STORED DATA:
--

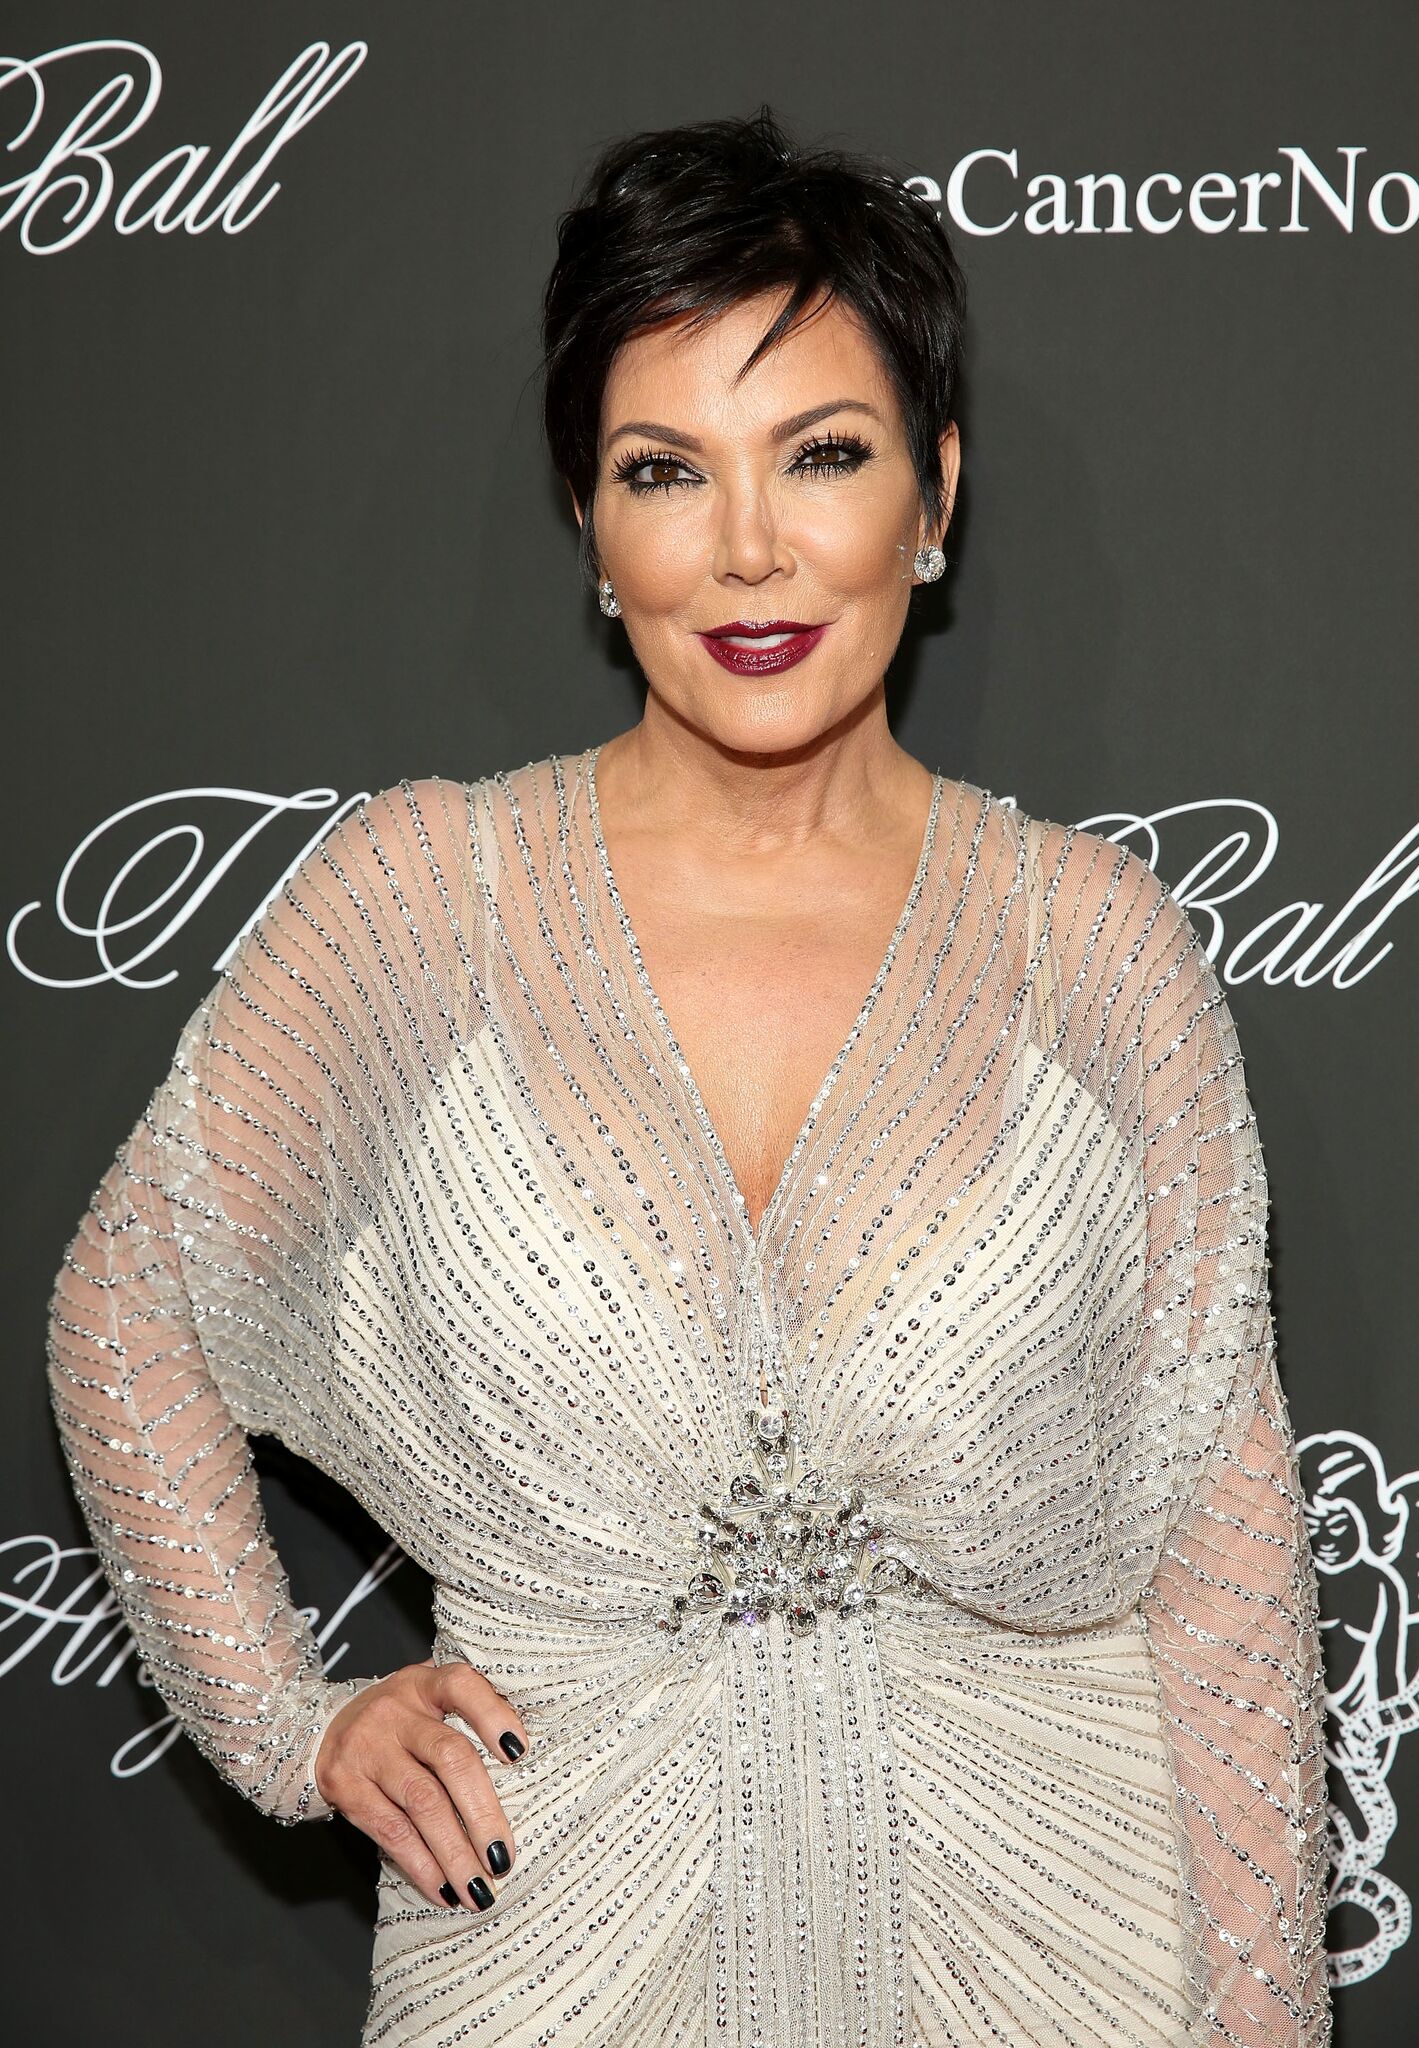 Kris Jenner attends Angel Ball 2014 at Cipriani Wall Street | Getty Images
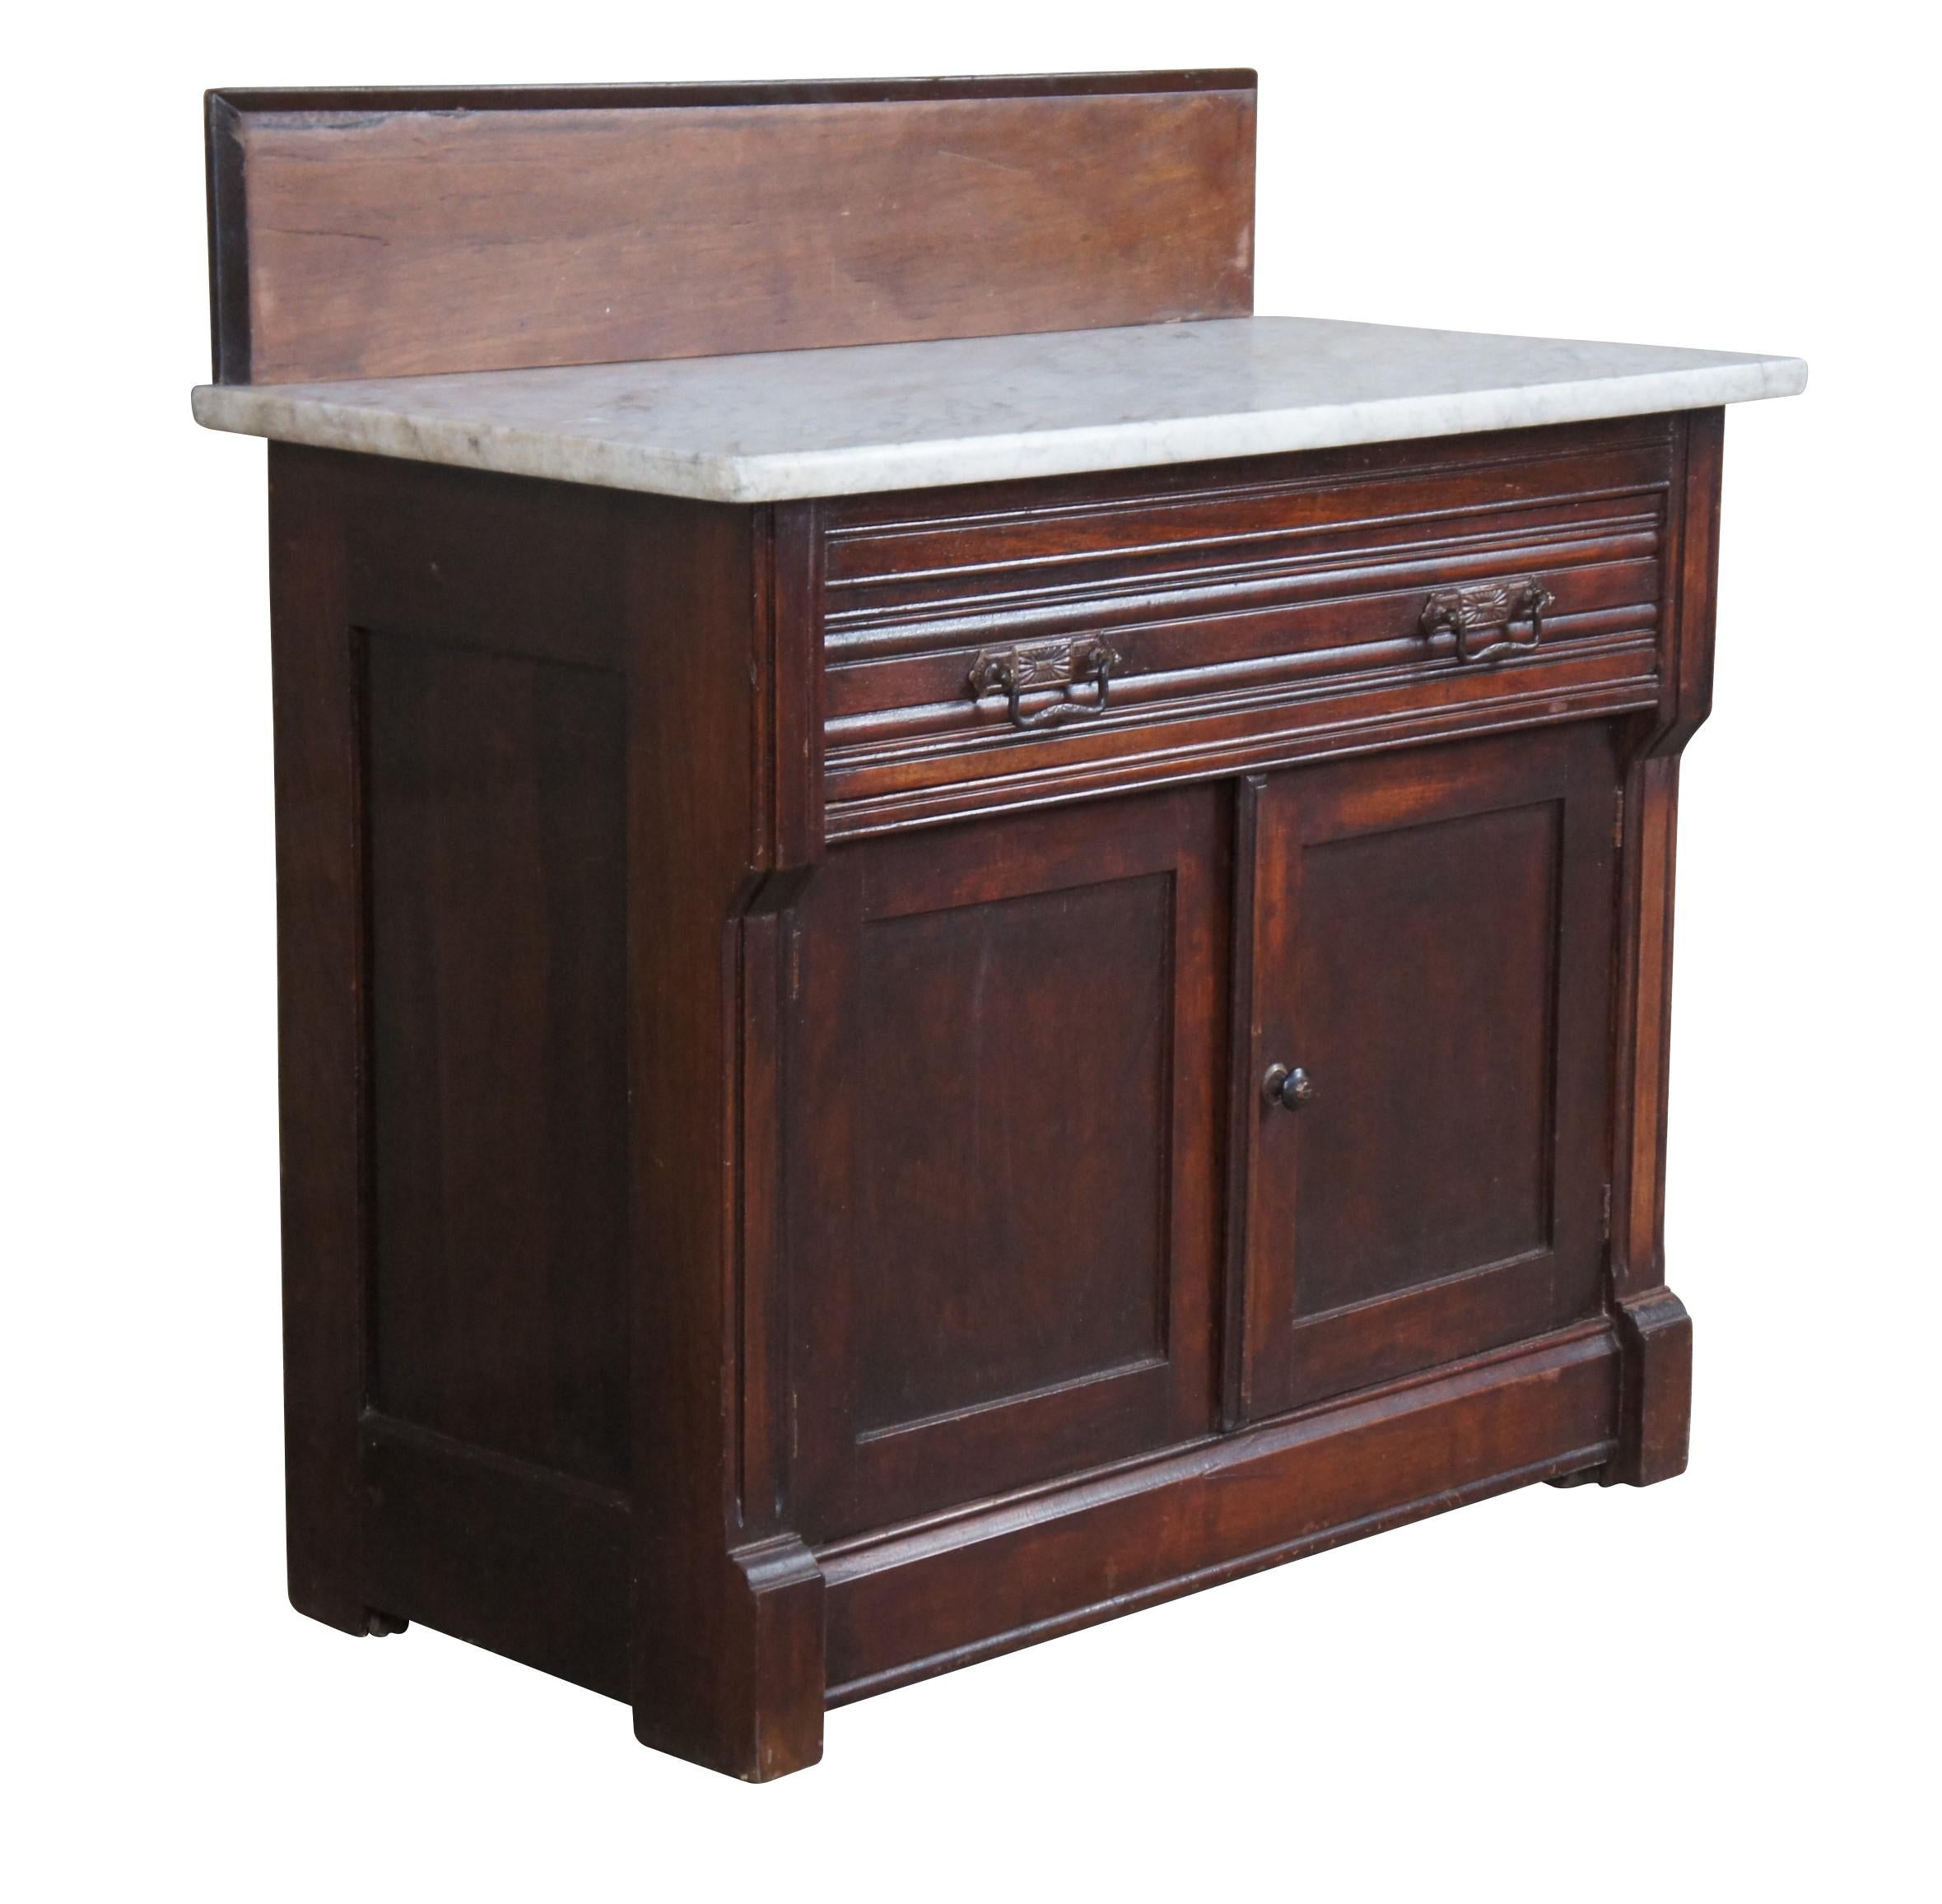 Antique Victorian Eastlake Mahogany Marble Top Wash Stand Basin Cabinet  In Fair Condition For Sale In Dayton, OH
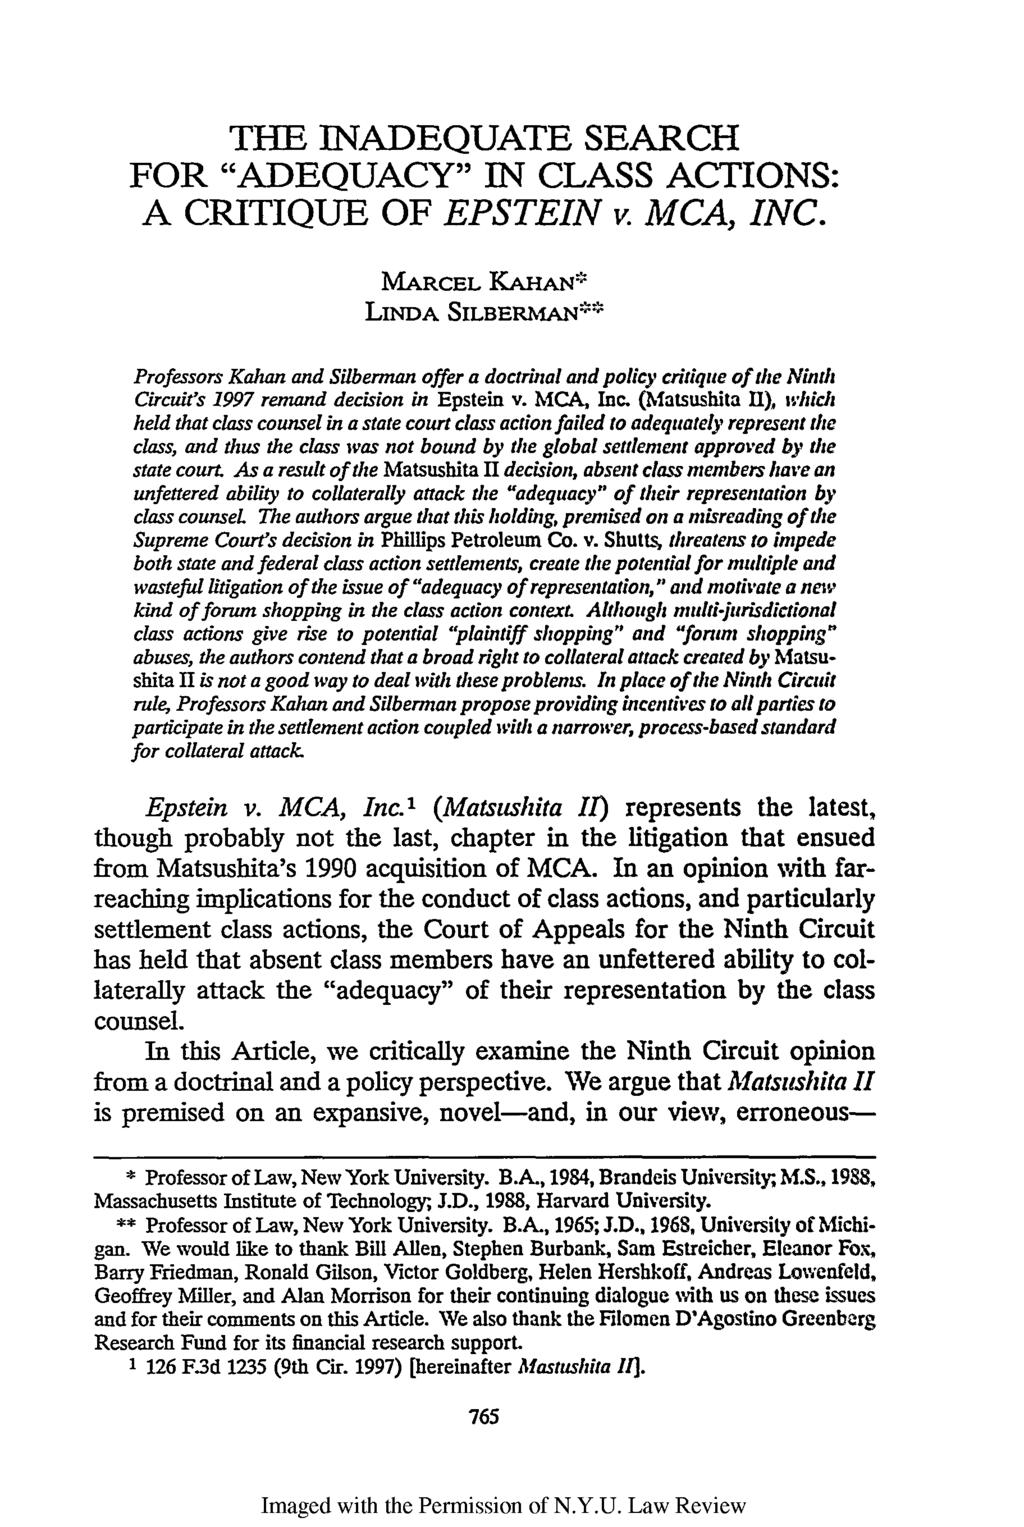 THE INADEQUATE SEARCH FOR "ADEQUACY" IN CLASS ACTIONS: A CRITIQUE OF EPSTEIN v. MCA, INC.

--

THE TASK: Return the data word for word without its pictures.

OUTPUT FOR THIS EXERCISE:
 Kris Jenner attends Angel Ball 2014 at Cipriani Wall Street | Getty Images
 Antique Victorian Eastlake Mahogany Marble Top Wash Stand Basin Cabinet  In Fair Condition For Sale In Dayton, OH
 THE INADEQUATE SEARCH FOR "ADEQUACY" IN CLASS ACTIONS: A CRITIQUE OF EPSTEIN v. MCA, INC.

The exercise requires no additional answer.